**RECORD EXCERPTS:**
★ ★ ★
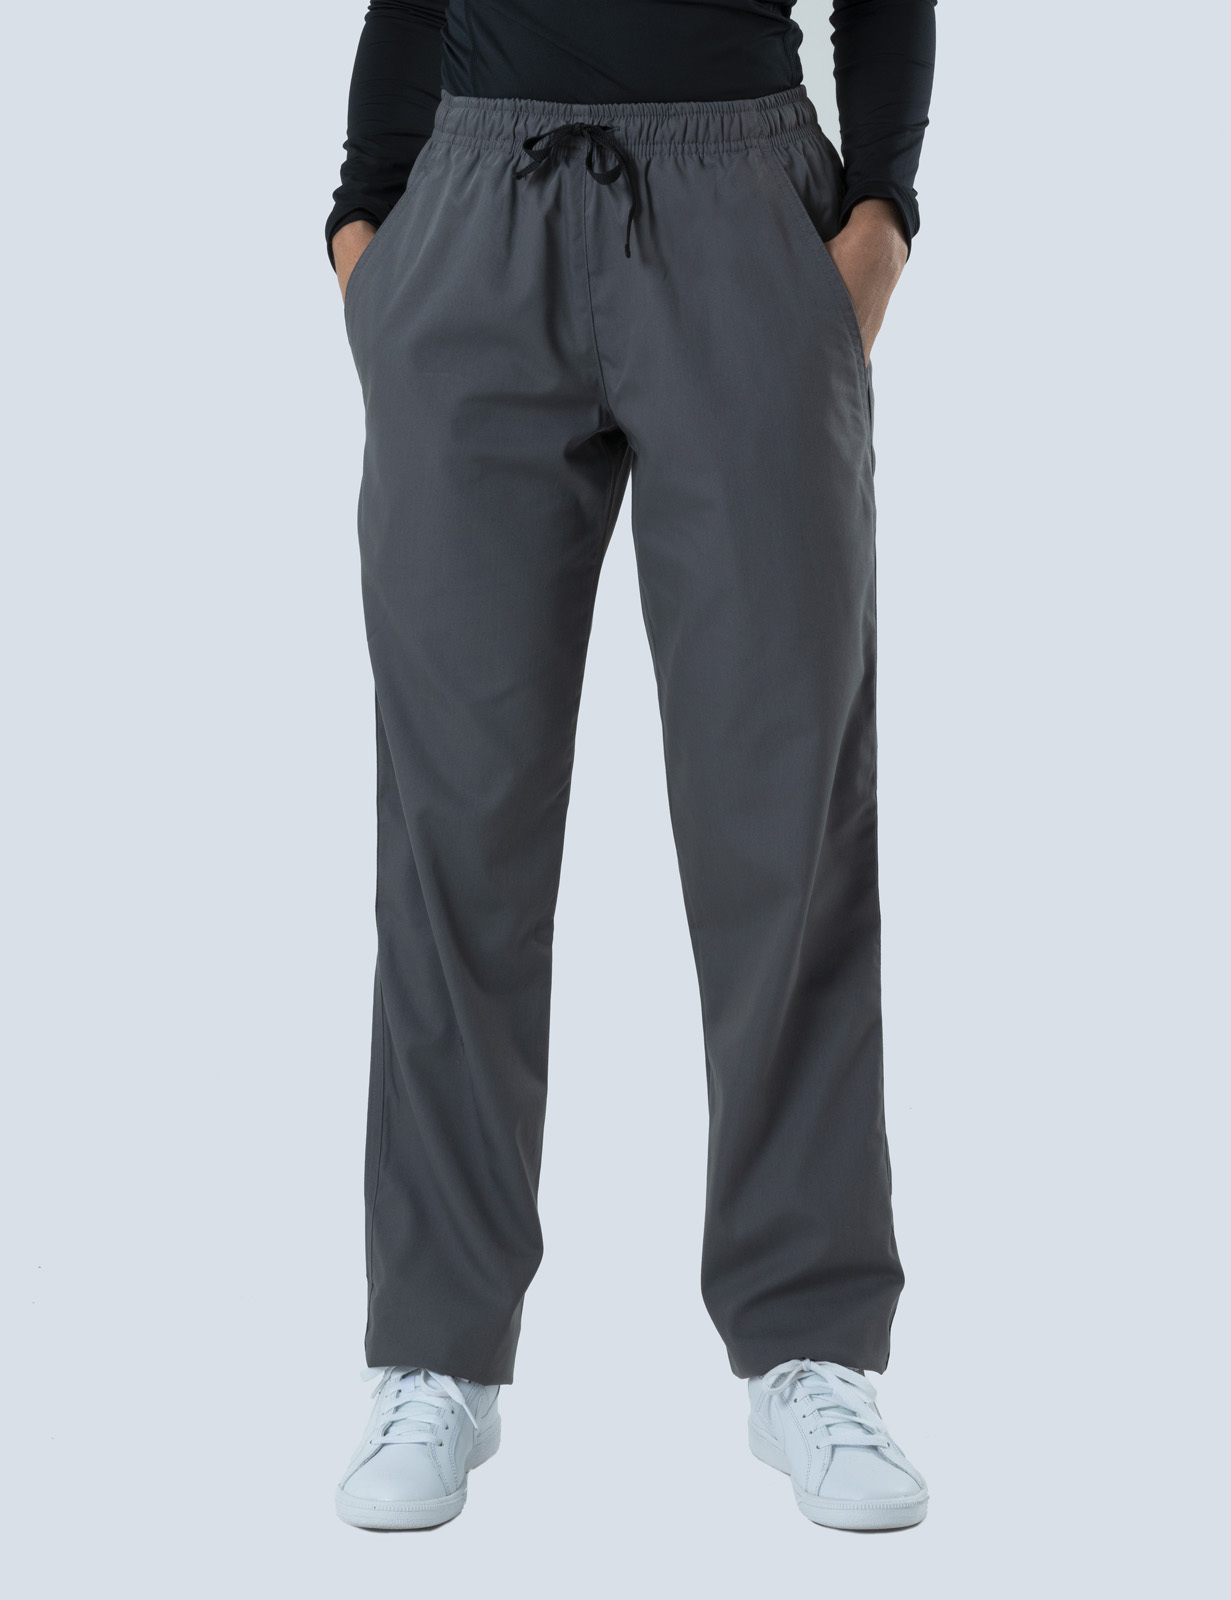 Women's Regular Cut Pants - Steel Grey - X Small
★ ★ ★
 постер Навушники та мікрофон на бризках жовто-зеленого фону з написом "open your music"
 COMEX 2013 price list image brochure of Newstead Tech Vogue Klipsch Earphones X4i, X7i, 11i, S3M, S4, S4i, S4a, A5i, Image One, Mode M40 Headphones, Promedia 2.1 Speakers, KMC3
★ ★ ★
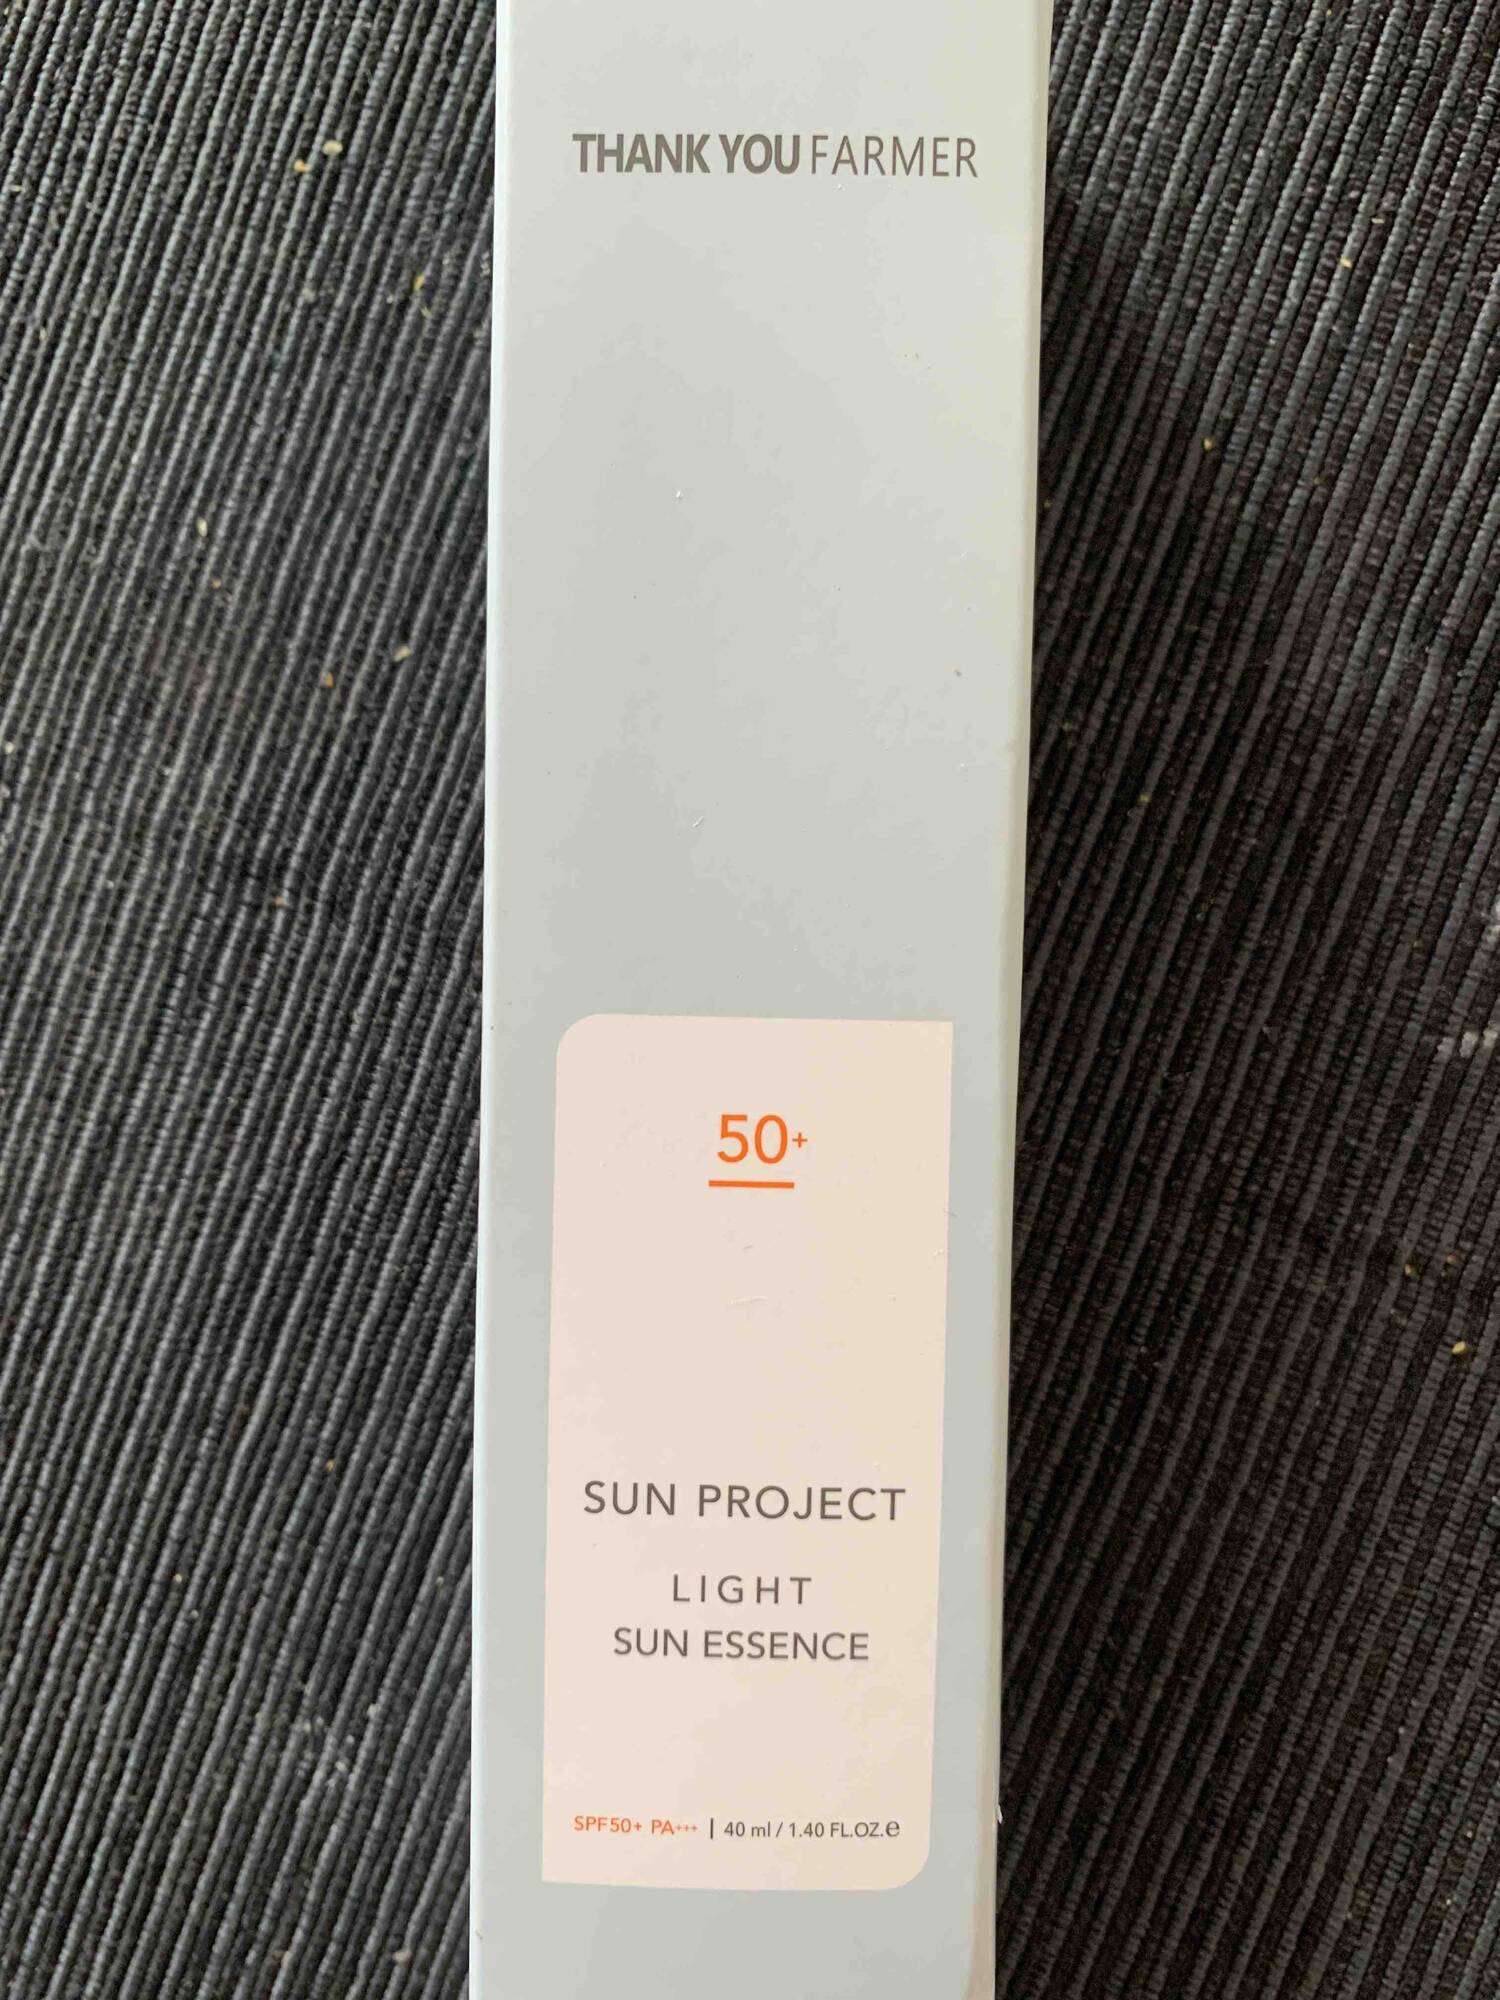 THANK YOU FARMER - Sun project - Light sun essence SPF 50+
★ ★ ★
**TASK OBJECTIVE:** Of the entries listed above, reproduce only the lines starting at the line containing "постер Навушники та" and ending at the line containing "COMEX 2013 price". Include both, exactly as they stand.

**RESPONSE AREA:**
 постер Навушники та мікрофон на бризках жовто-зеленого фону з написом "open your music"
 COMEX 2013 price list image brochure of Newstead Tech Vogue Klipsch Earphones X4i, X7i, 11i, S3M, S4, S4i, S4a, A5i, Image One, Mode M40 Headphones, Promedia 2.1 Speakers, KMC3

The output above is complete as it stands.